Top of Recorded information
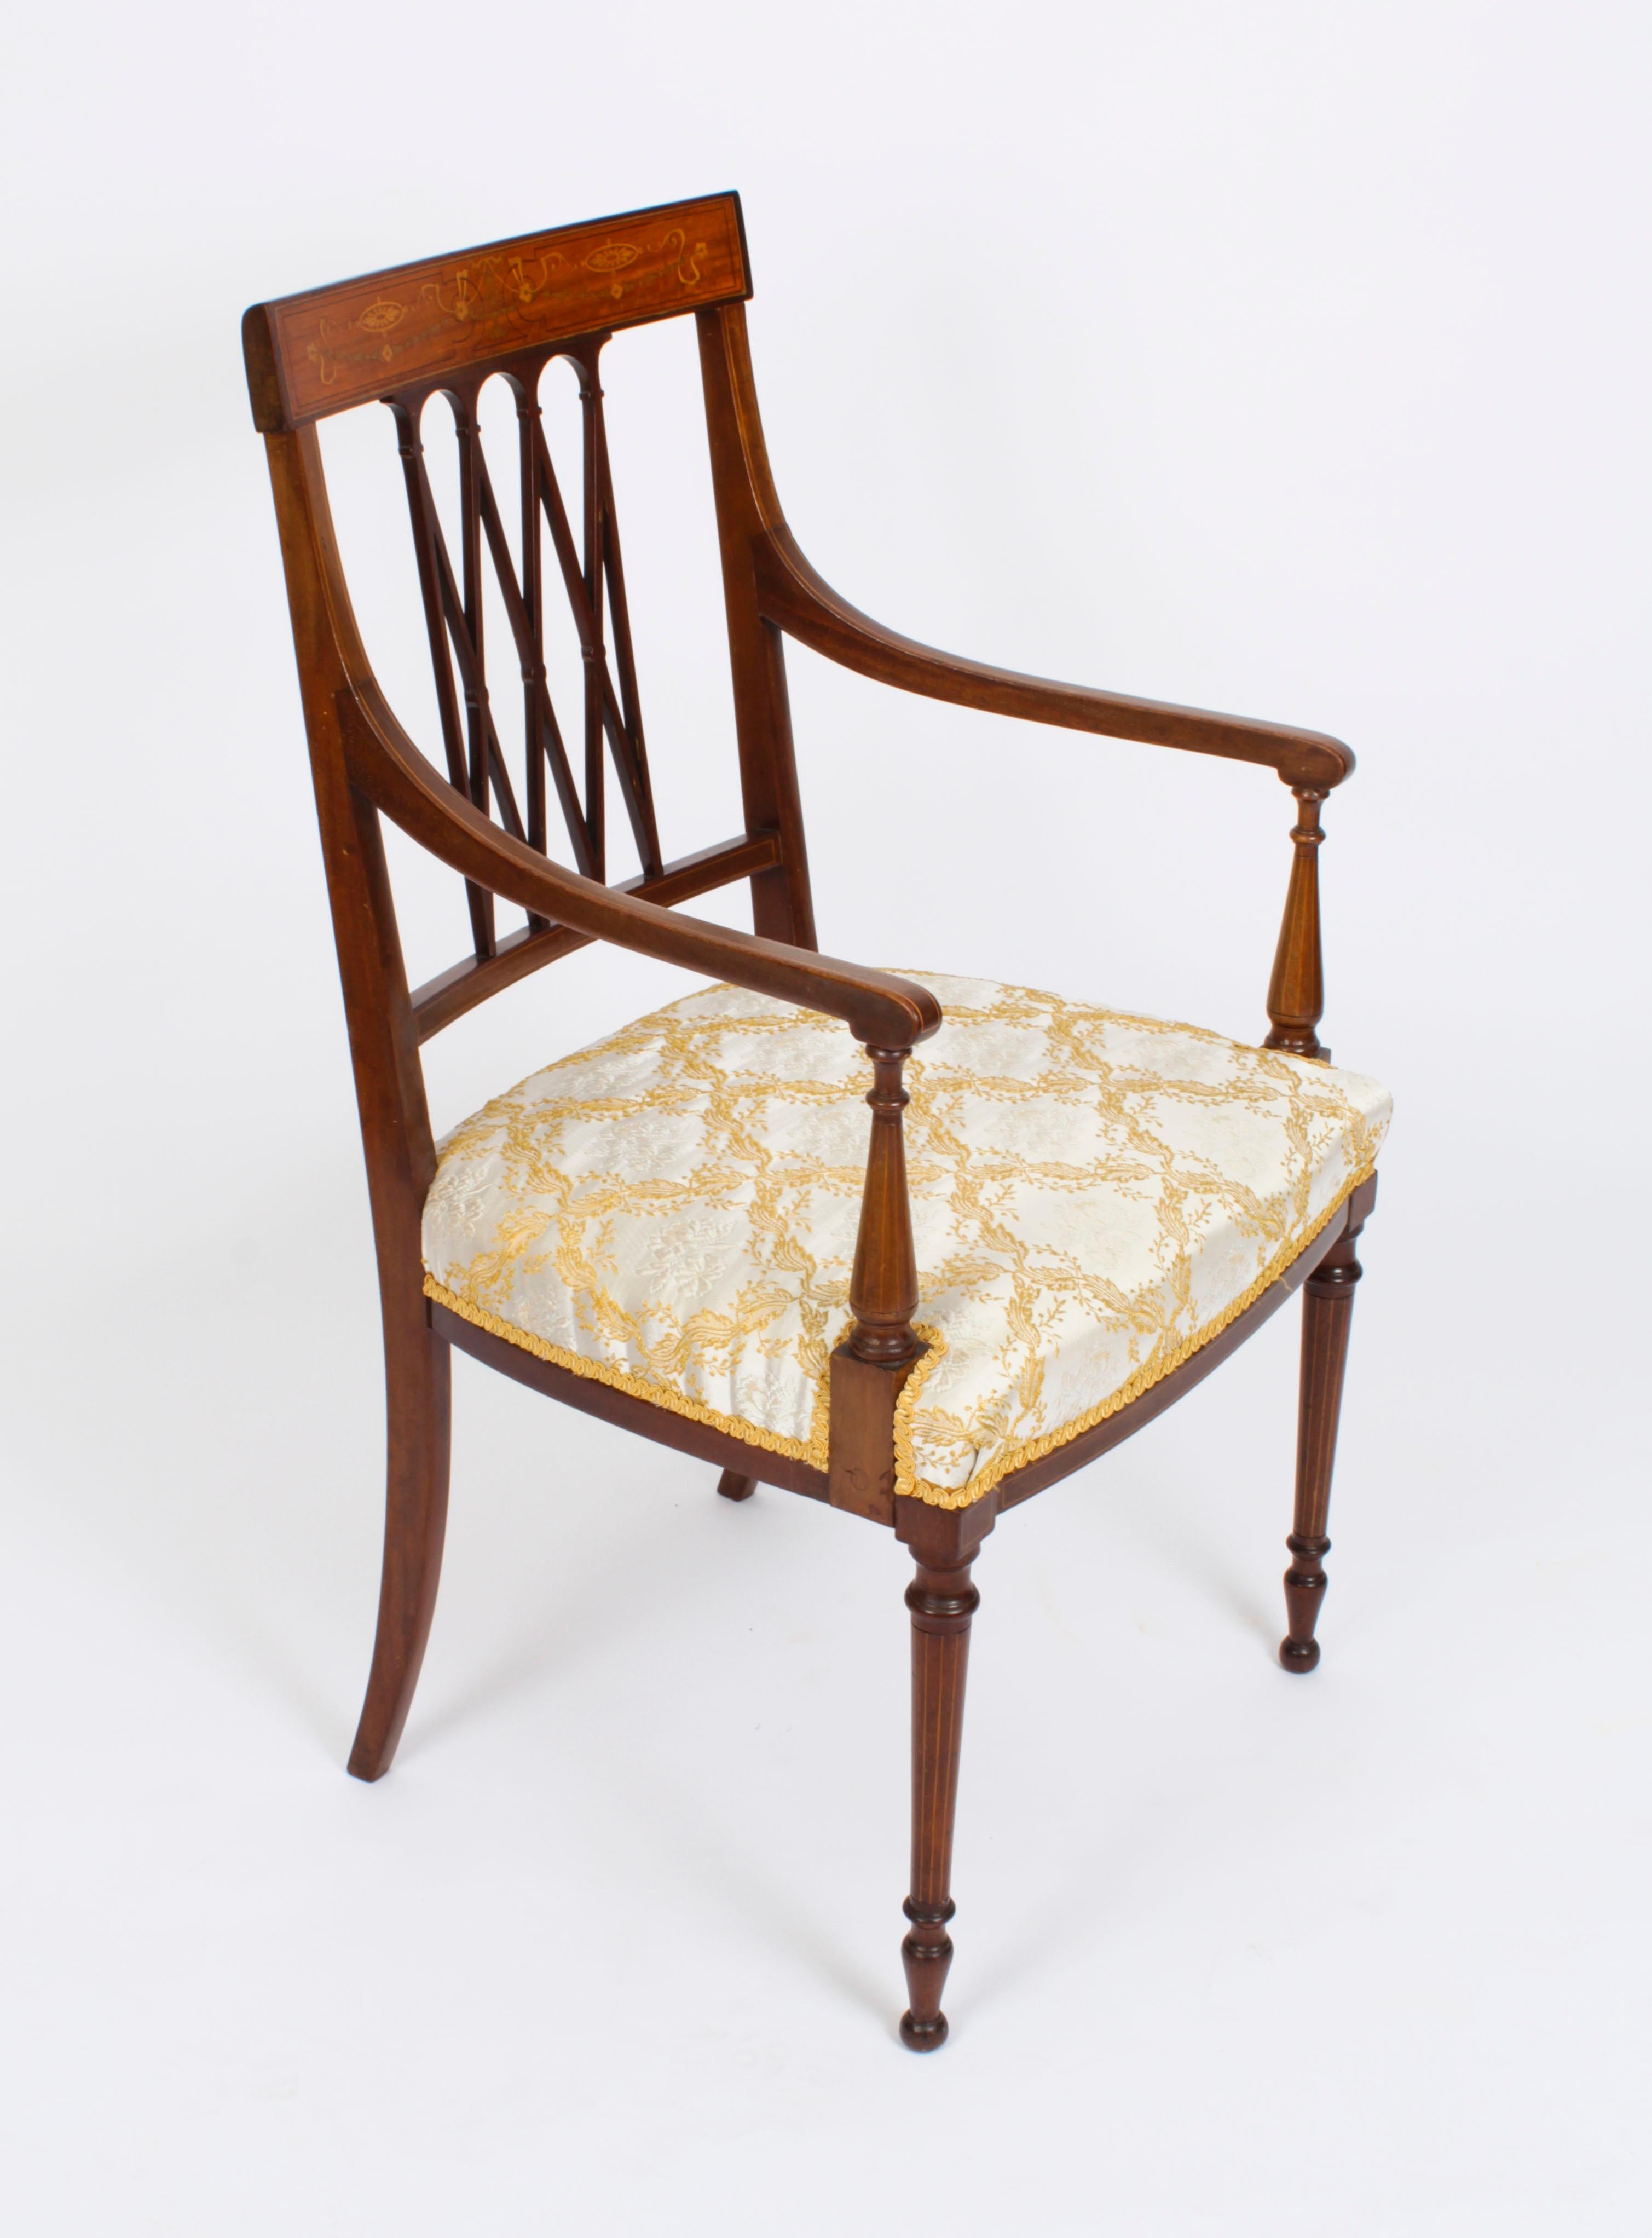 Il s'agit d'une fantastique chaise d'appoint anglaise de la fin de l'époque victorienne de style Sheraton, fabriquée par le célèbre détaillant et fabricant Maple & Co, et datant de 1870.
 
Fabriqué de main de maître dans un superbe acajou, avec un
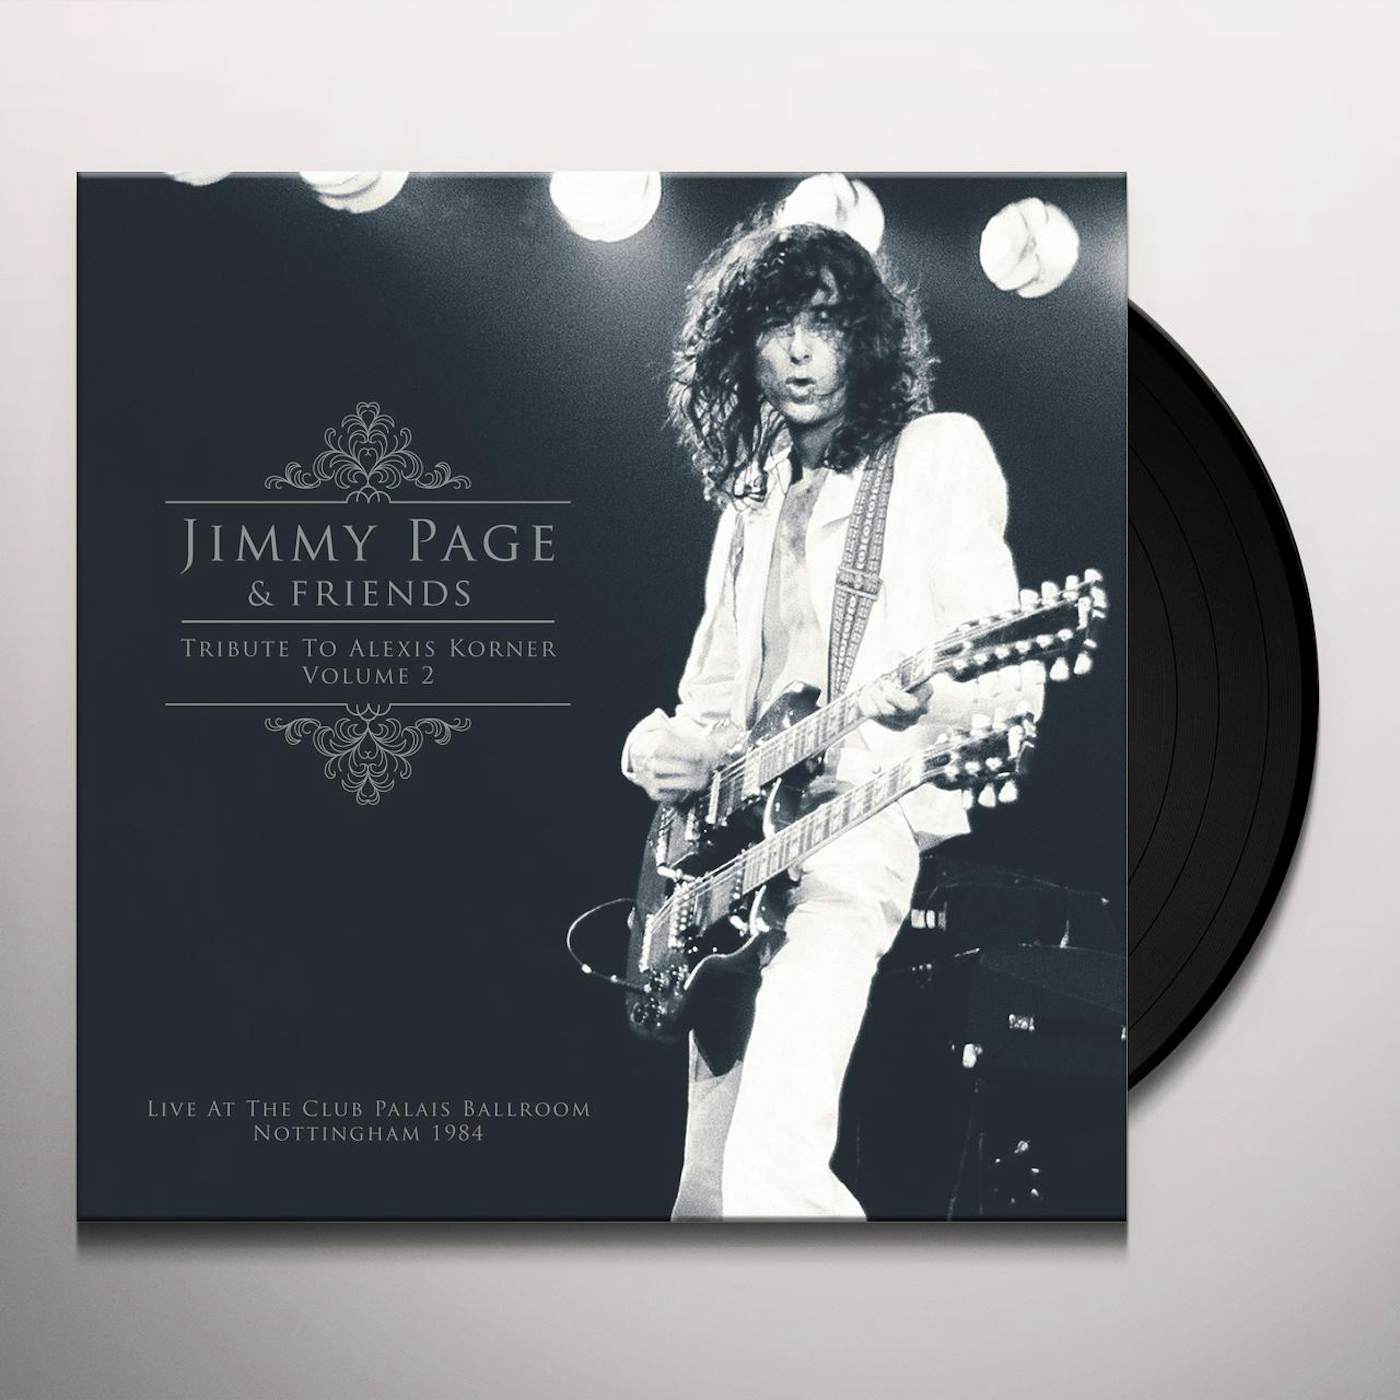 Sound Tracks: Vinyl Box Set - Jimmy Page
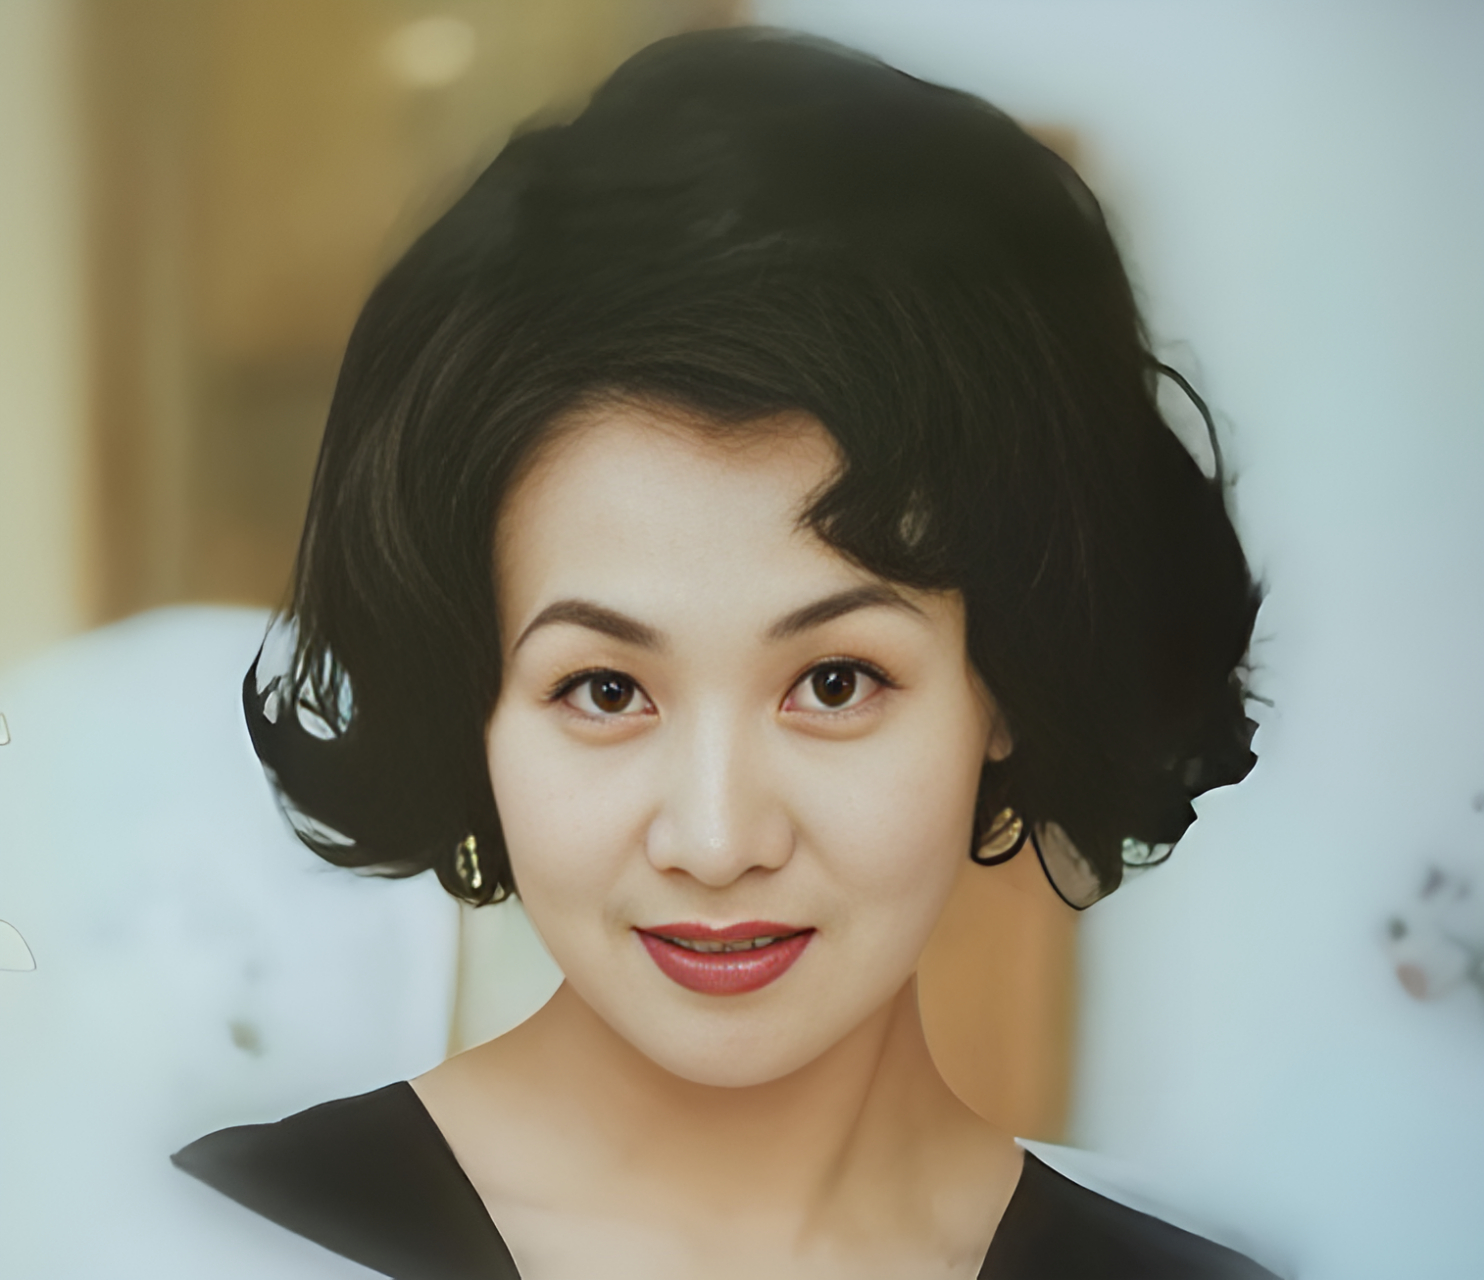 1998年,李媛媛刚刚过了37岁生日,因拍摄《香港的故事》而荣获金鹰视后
Bottom of Recorded information
**Task details**.
From the first line to the last, repeat the material exactly, but drop the pictures.

**Answer space**.
 Il s'agit d'une fantastique chaise d'appoint anglaise de la fin de l'époque victorienne de style Sheraton, fabriquée par le célèbre détaillant et fabricant Maple & Co, et datant de 1870.
 
Fabriqué de main de maître dans un superbe acajou, avec un
 Sound Tracks: Vinyl Box Set - Jimmy Page
 1998年,李媛媛刚刚过了37岁生日,因拍摄《香港的故事》而荣获金鹰视后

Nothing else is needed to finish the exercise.